> Exercise prompt
Once "Após levar a" turns up in a line below, reproduce that line and those after it exactly, stopping after the line with "Aplique em acrílico"; leave pictures out.

> Exercise materials

__________

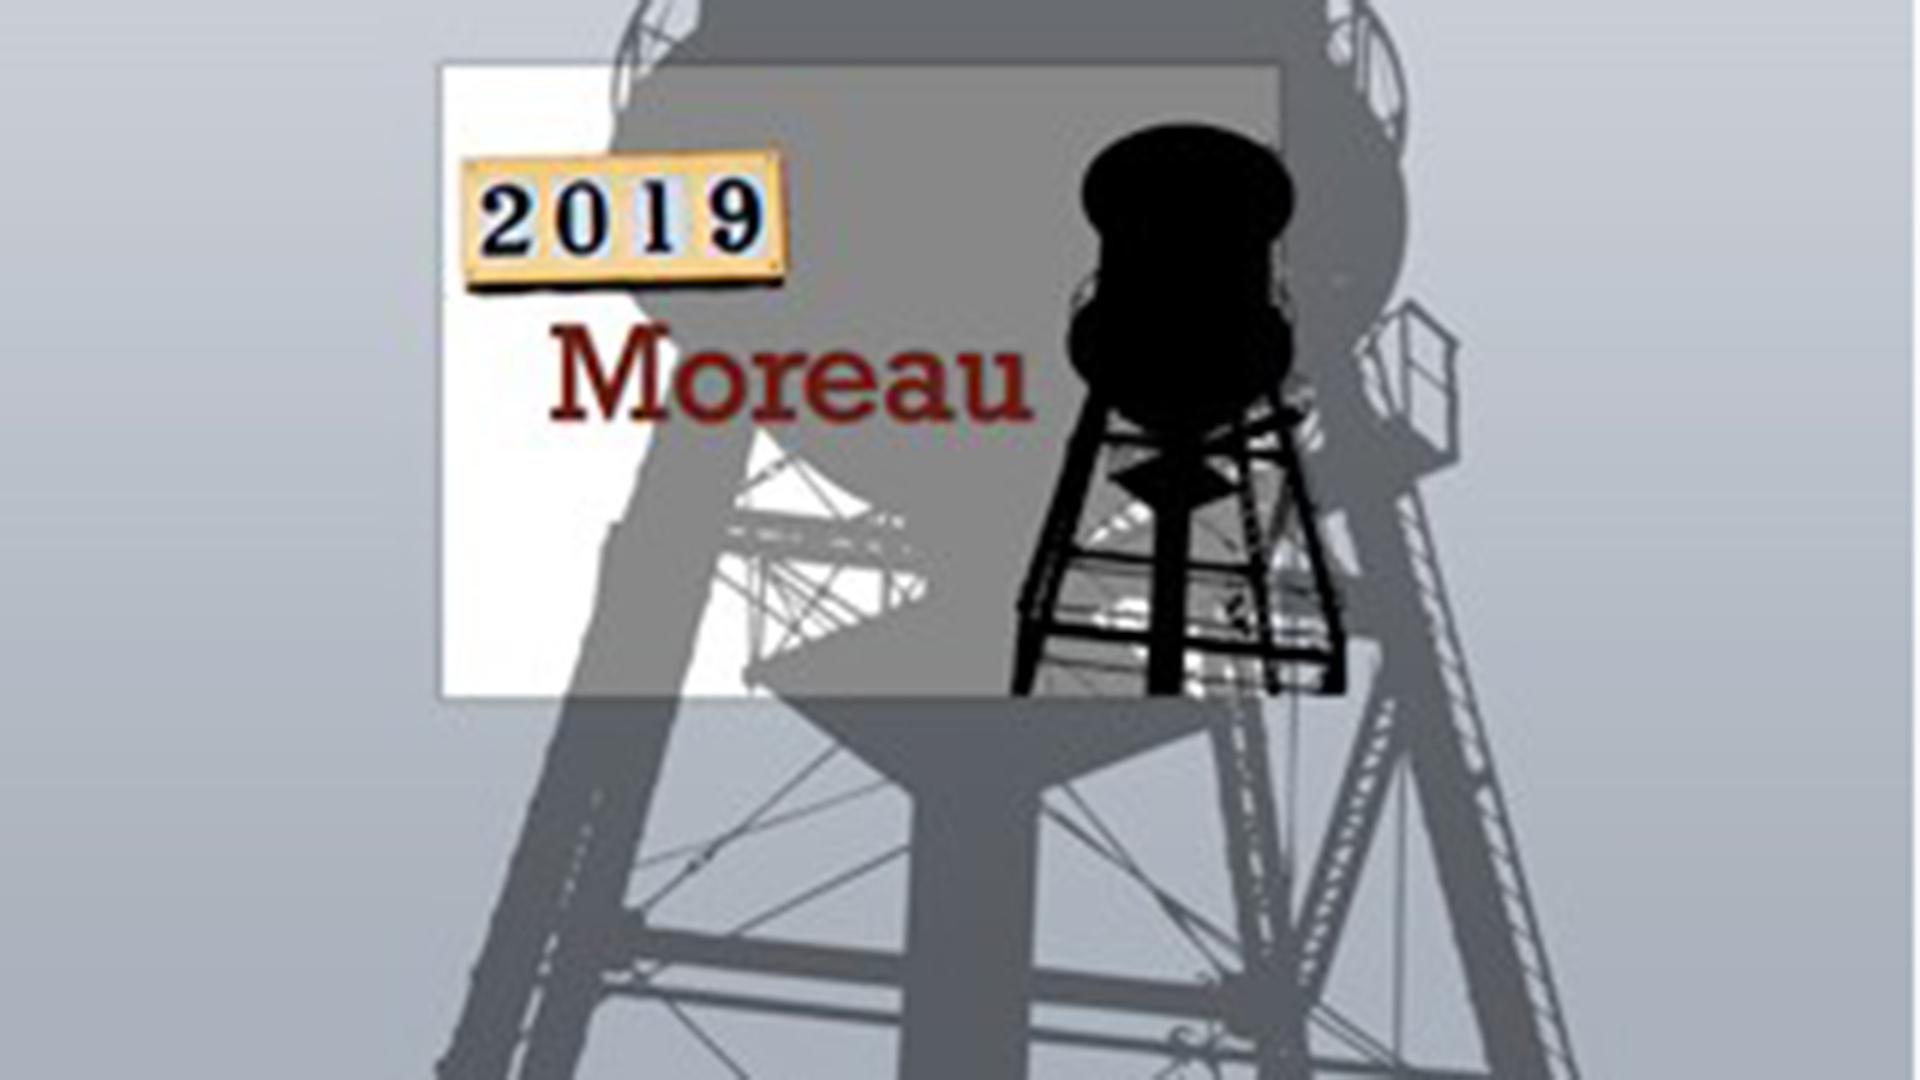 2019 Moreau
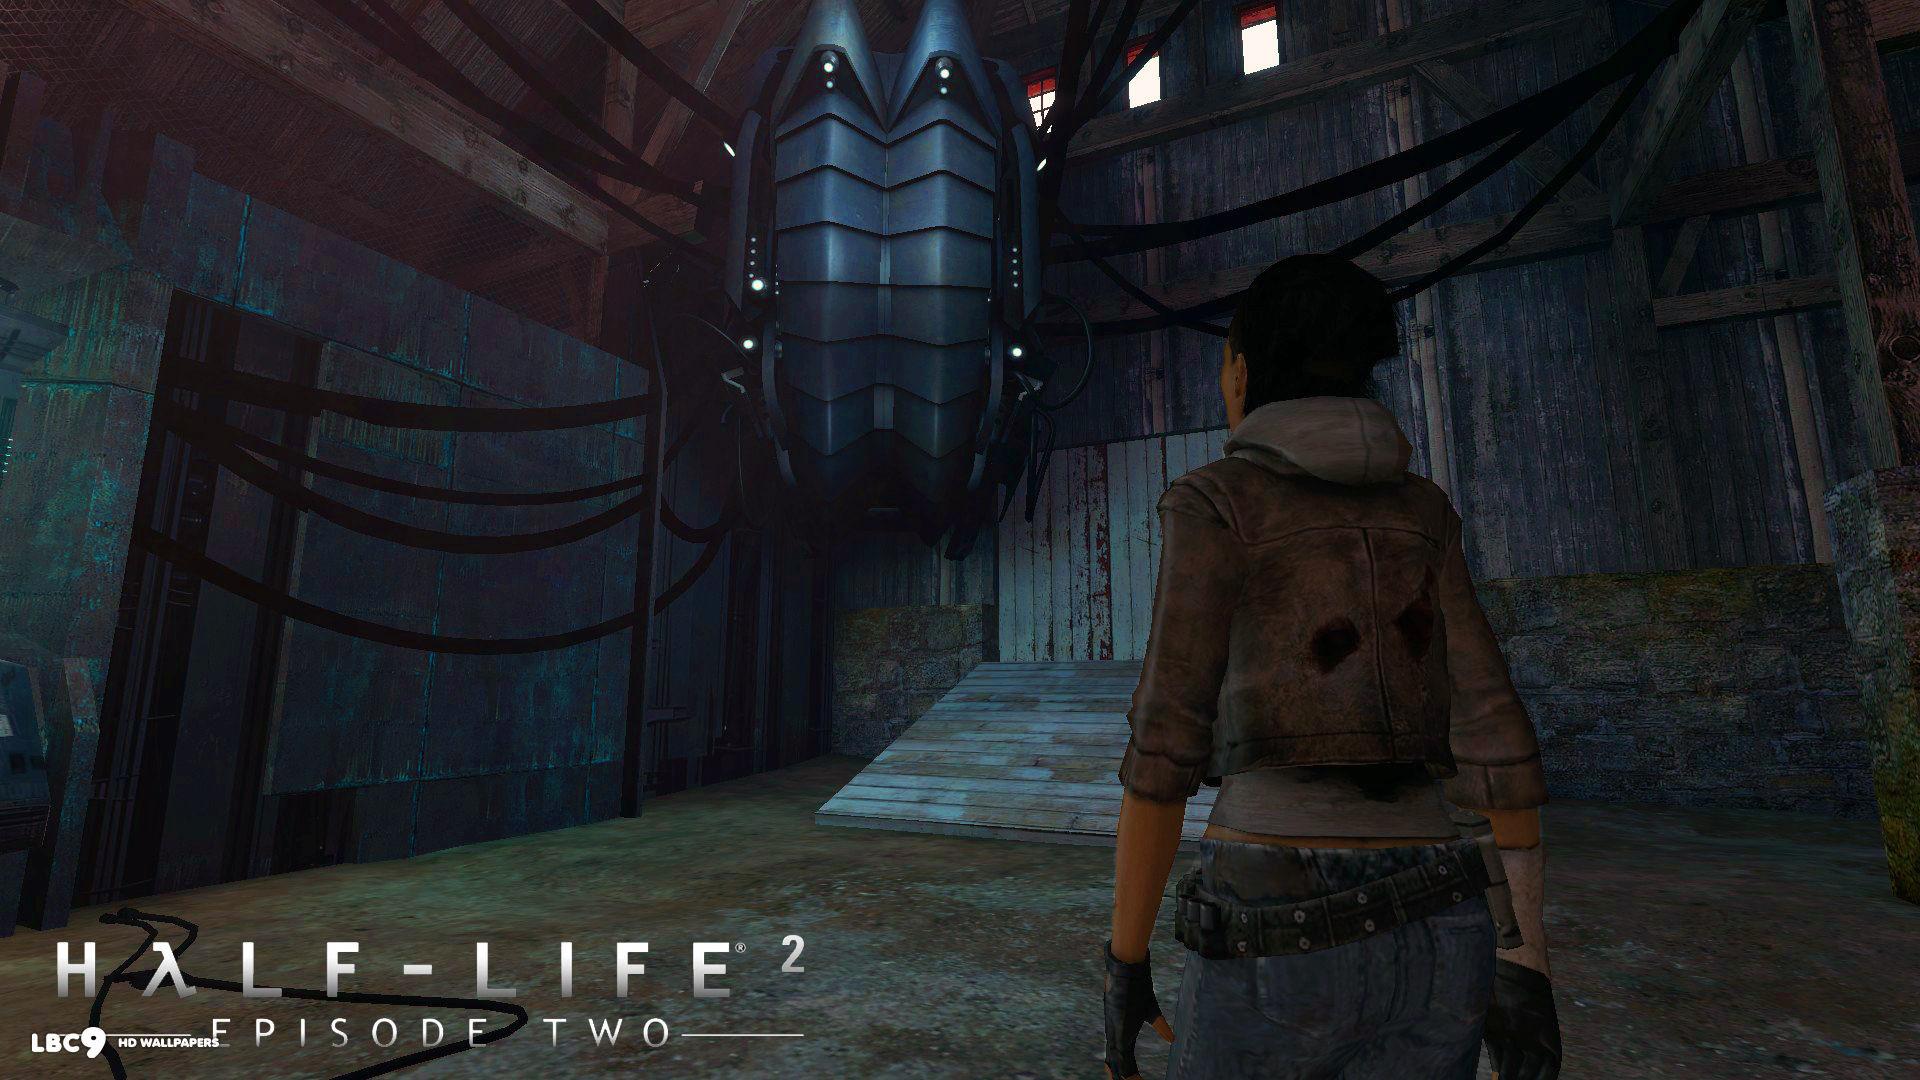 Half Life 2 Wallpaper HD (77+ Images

__________

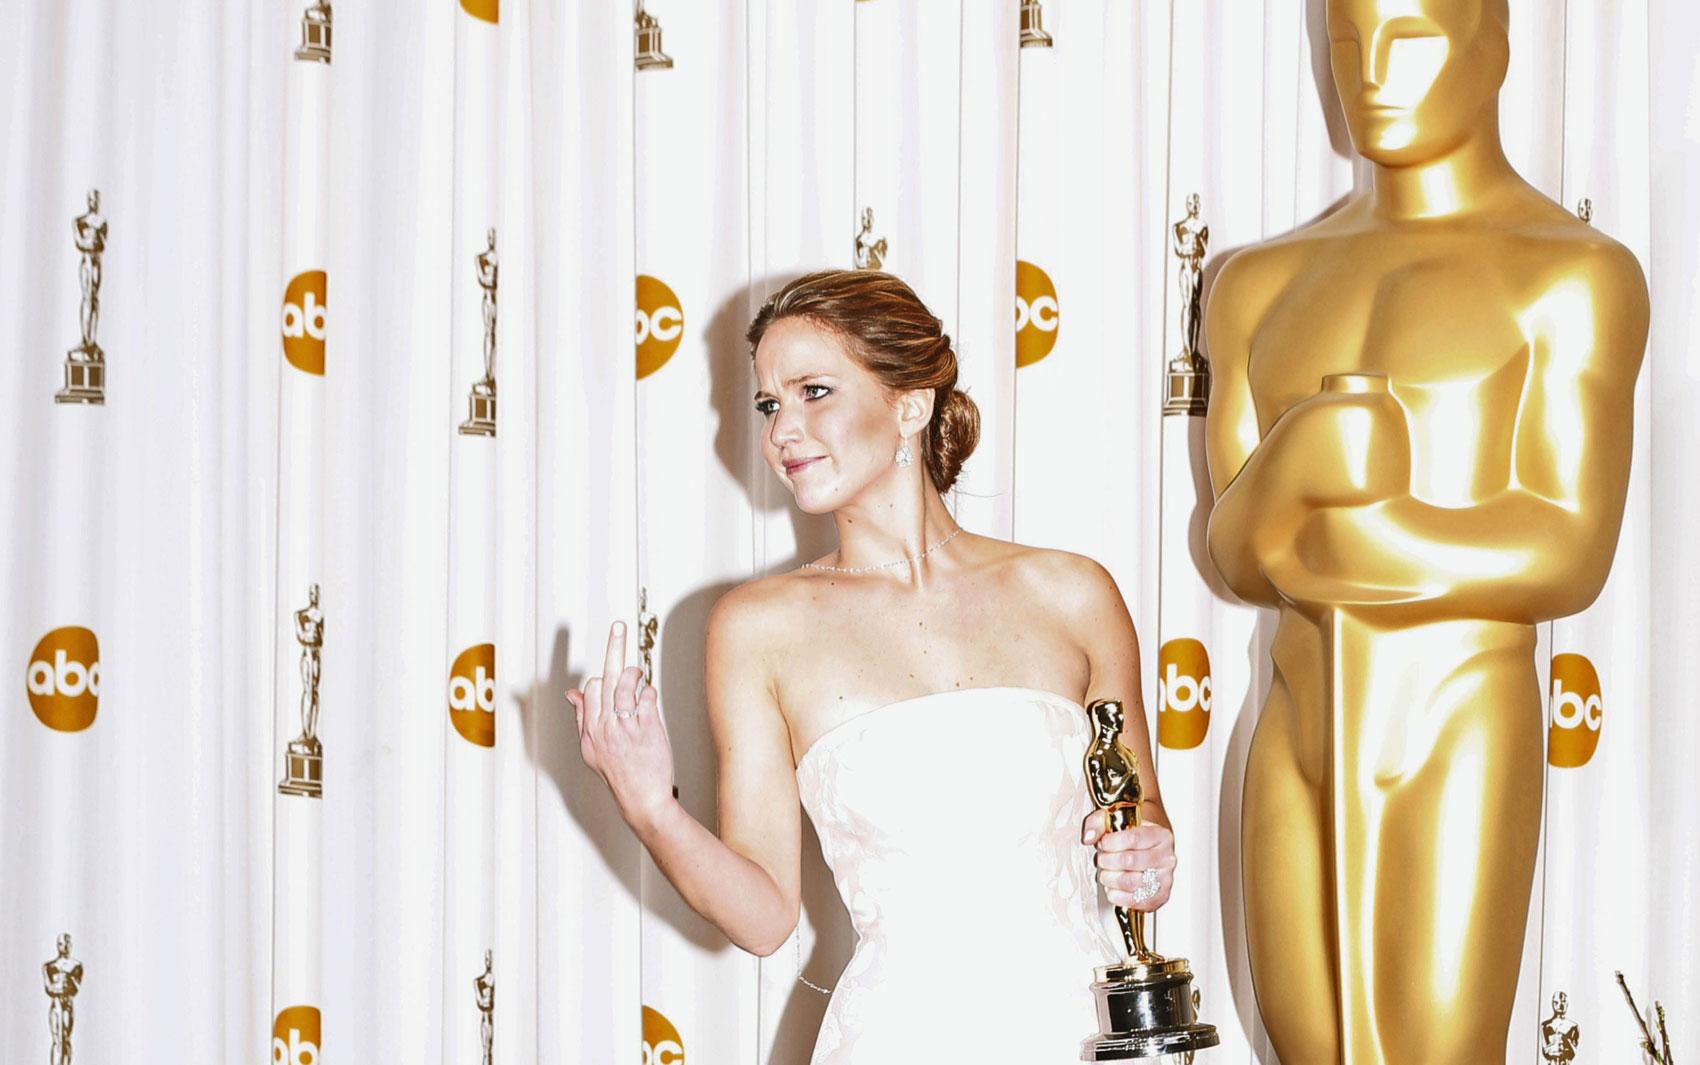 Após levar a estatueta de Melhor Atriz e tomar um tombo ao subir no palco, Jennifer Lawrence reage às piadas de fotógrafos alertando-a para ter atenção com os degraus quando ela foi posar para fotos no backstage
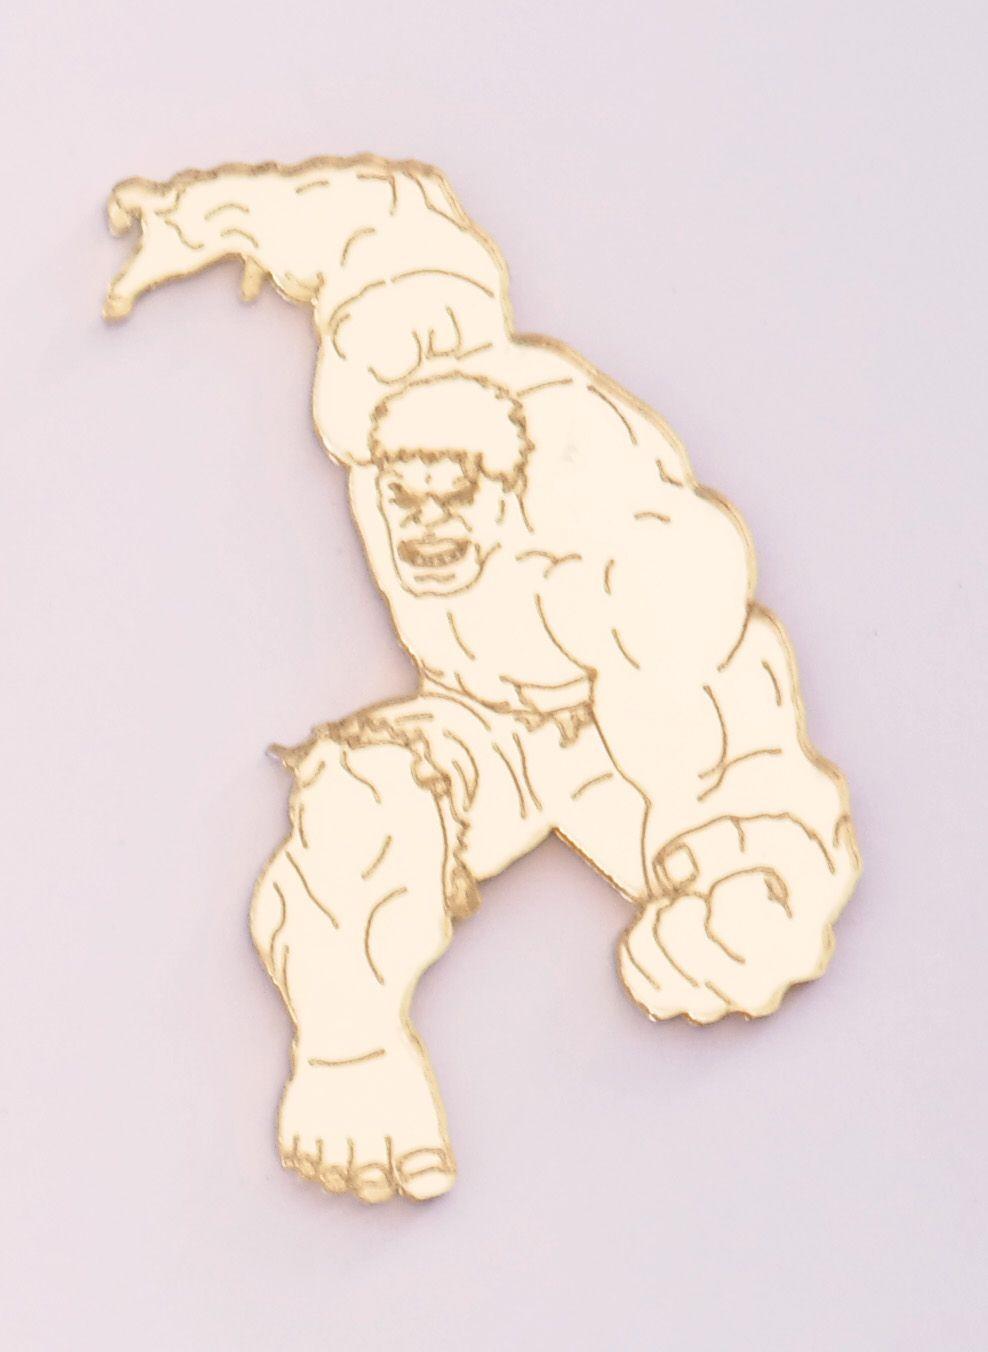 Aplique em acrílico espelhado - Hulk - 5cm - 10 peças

__________

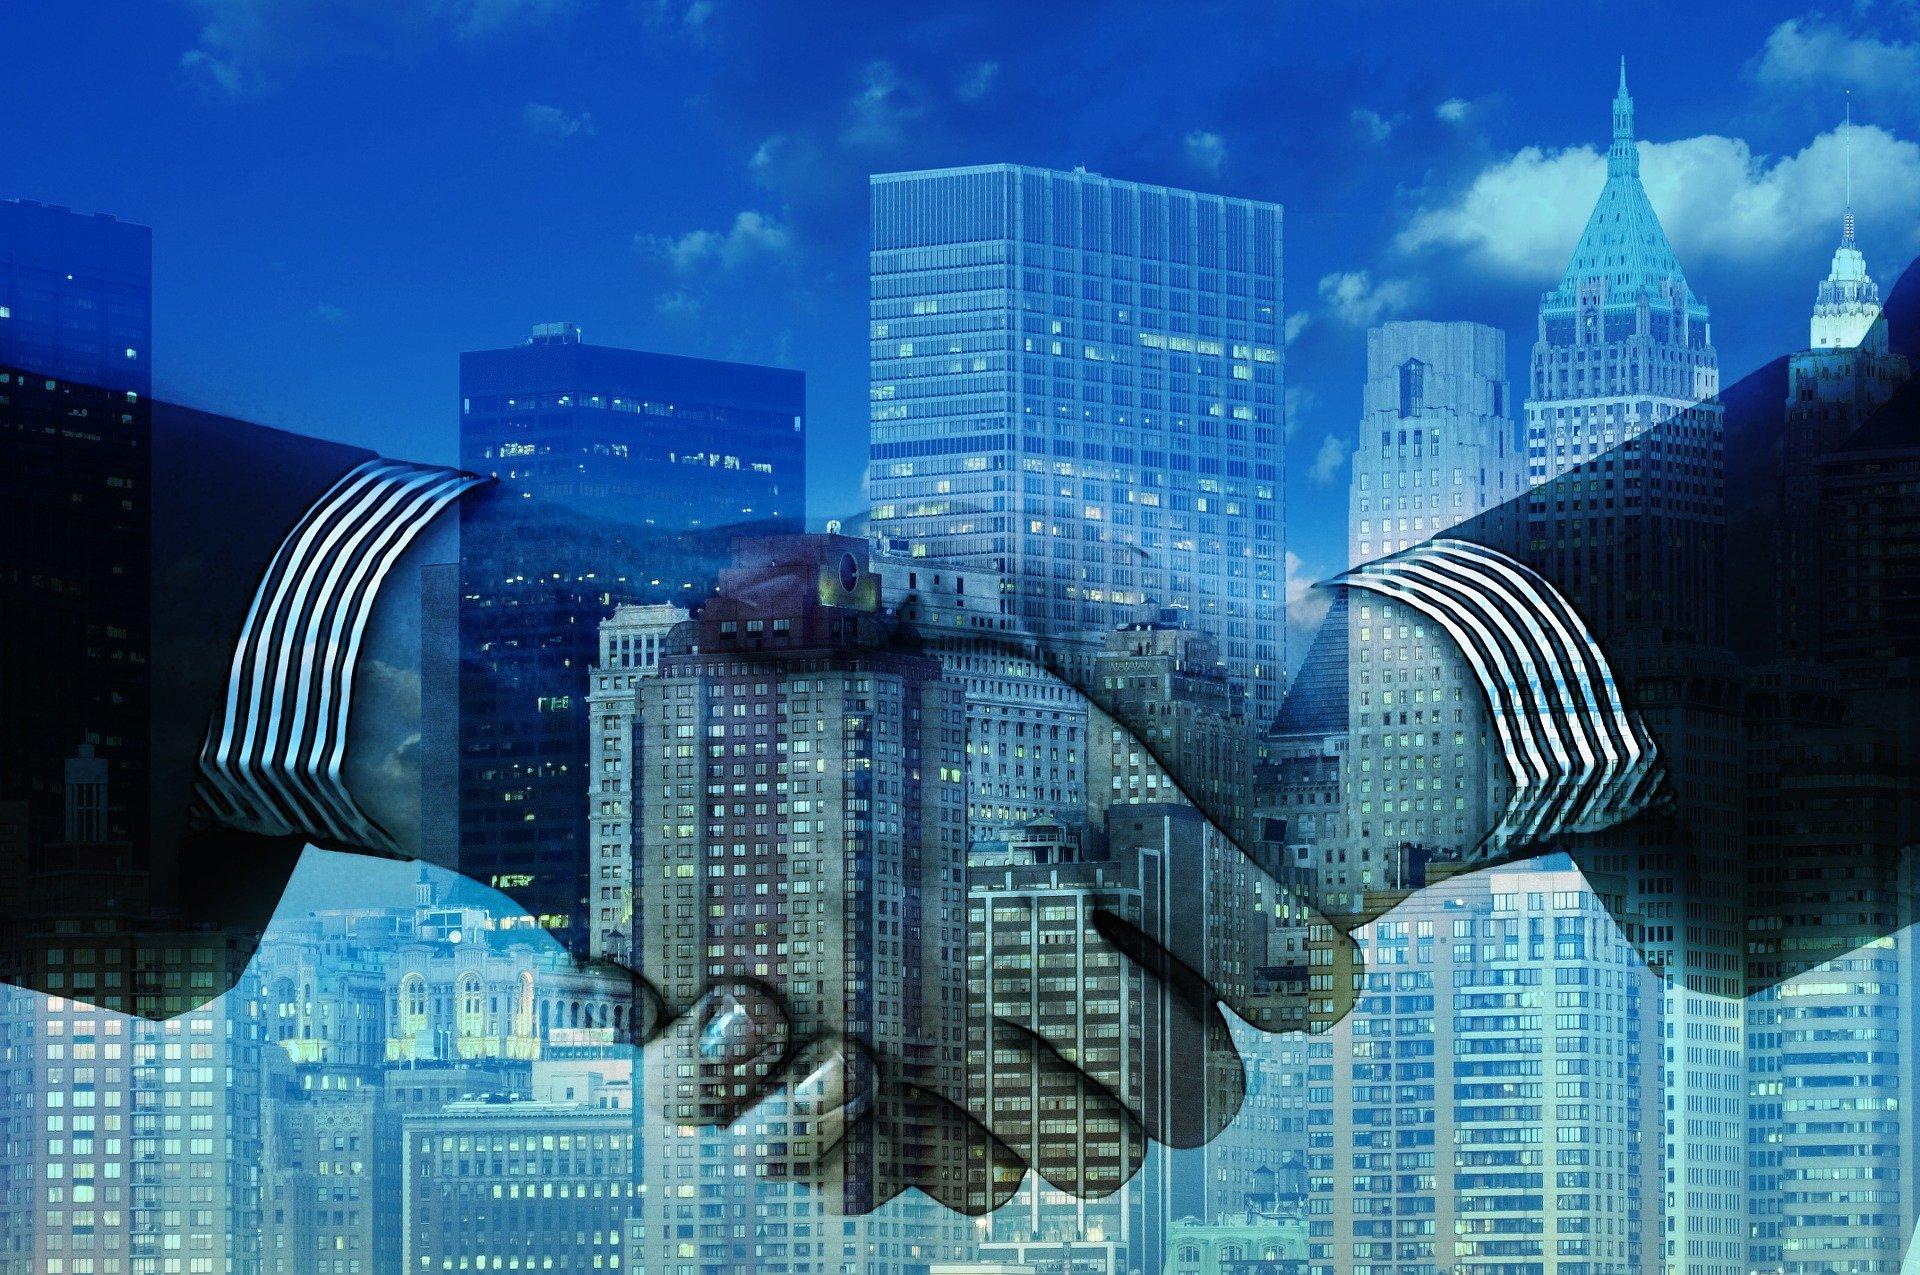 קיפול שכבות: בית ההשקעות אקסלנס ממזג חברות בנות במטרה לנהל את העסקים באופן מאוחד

__________

> Problem solution
 Após levar a estatueta de Melhor Atriz e tomar um tombo ao subir no palco, Jennifer Lawrence reage às piadas de fotógrafos alertando-a para ter atenção com os degraus quando ela foi posar para fotos no backstage
 Aplique em acrílico espelhado - Hulk - 5cm - 10 peças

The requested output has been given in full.